Longitudinal studies have a wide range of applications in medicine, where measurements are repeatedly observed for individuals over time. These measurements are correlated even for different types of responses and collected for the same individuals. For example, in oncology research, more than one biomarker of mixed types is measured repeatedly over time for the same patient. These biomarkers are inherently associated – and this association is accounted for valid conclusions. Simultaneous modelling of mixed biomarkers is an optimal approach to account for correlation among multiple biomarkers [1].

Missing data is an unavoidable issue in longitudinal studies because patients may not come for a pre-specified follow-up visit at a particular time point for many reasons. In this regard, missingness exists in collected data and creates hindrances to extracting inference without making assumptions about the missingness mechanism. According to Rubin [2], missing completely at random (MCAR) and missing at random (MAR) mechanisms being not dependent upon unobserved measurements are ignorable. Not missing at random (NMAR) mechanism may depend upon both observed and unobserved responses and is considered non-ignorable. Non-ignorable missingness mechanism is considered in data analysis with longitudinal measurements to get unbiased estimates.

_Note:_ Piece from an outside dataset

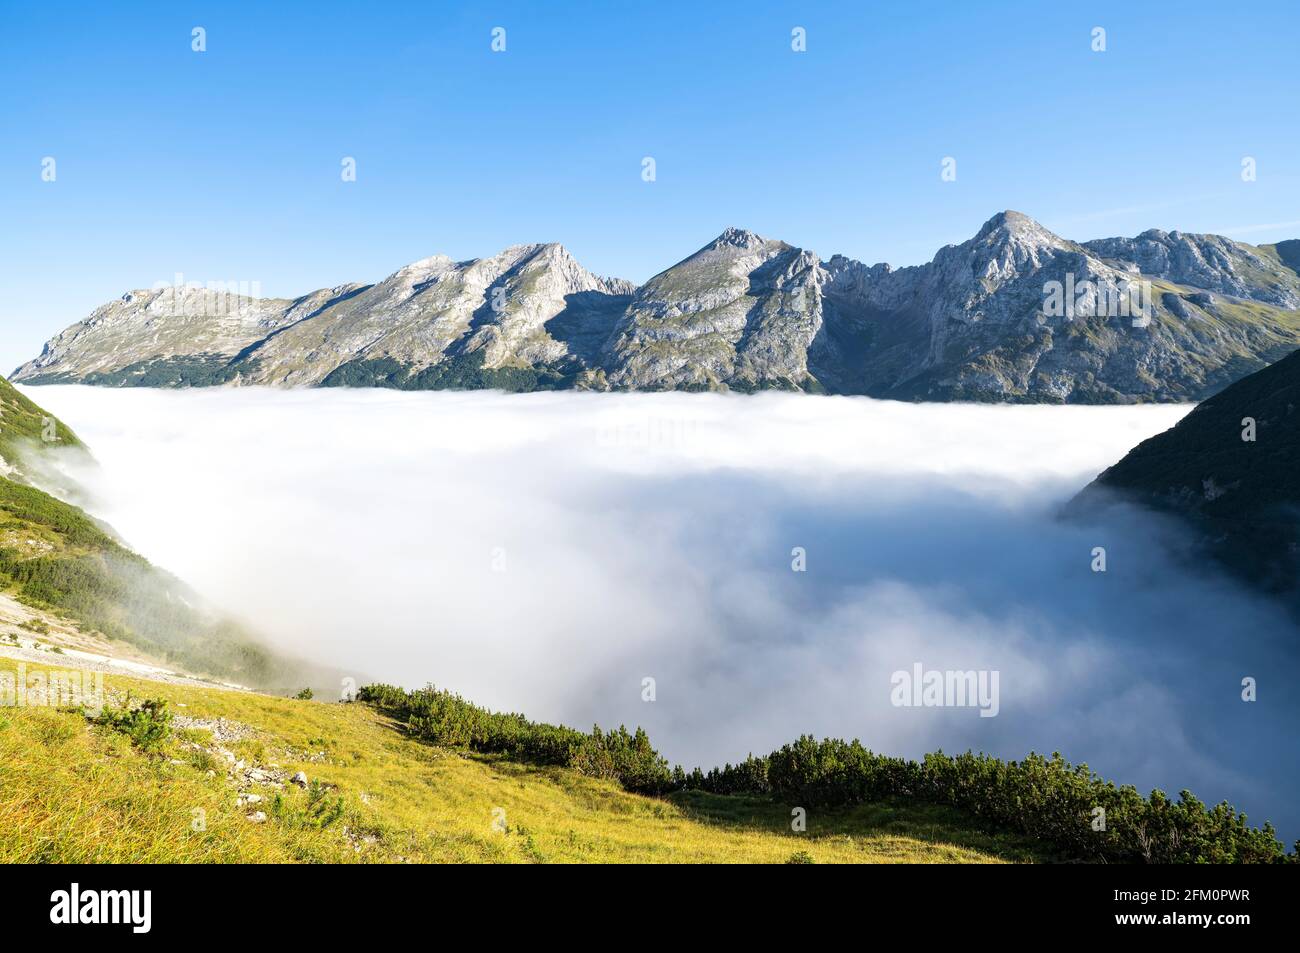 Paesaggio alpino con montagne rocciose sopra uno strato di nebbia in una giornata di sole in estate. Catena montuosa del Karwendel, Tirolo, Austria, Europa Foto Stock

In literature, selection models, pattern-mixture models (PMMs), and shared parameter models (SPMs) are mostly applied to tackle non-ignorable missing data. These models use different factorizations for missingness and measured processes to jointly model longitudinal responses incorporating missingness. The SPM approach is widely applied to model MAR data in longitudinal responses. Still, there exists a gap to employ SPM for NMAR. Non-ignorable missing data is addressed by employing logistic or probit models, which are specifically designed to handle situations where the missing data mechanism is influenced by unobserved variables or responses, resulting in NMAR mechanisms. By integrating the logistic or probit model into the analysis, researchers can effectively mitigate potential biases caused by non-ignorable missing data that consequently makes precise inferences based on the available data. Logistic and probit models provide valuable insights into the underlying patterns of missingness, contributing to obtaining reliable results in longitudinal studies and other scenarios where missing data is common.

Joint modelling terms are applied to simultaneously analyzed more than one outcome. Many methods have been proposed to jointly analyze single or multivariate longitudinal measurements alongside event time data in recent years [3,4]. Another joint modelling term is used to simultaneously analyze more than one longitudinal outcome possibly of different types using random effects, marginal or conditional models [5,6]. Catalano and Ryan [7] analyzed toxicity data proposing bivariate latent variable models to account for the relationship between fetal weight and malformation in live fetuses. Leon and Carriere [8] studied one longitudinal and one binary response to assess maternal smoking’s effect on the respiratory illness of children. Liu et al. [9] formulated a joint model to handle longitudinal binary and continuous responses by incorporating an ignorable missing data mechanism. Li et al. [10] applied joint modelling for continuous, binary, and ordinal responses under the Bayesian framework, while Kürüm et al. [11] proposed a joint model to analyze binary and continuous responses under frequentist statistics.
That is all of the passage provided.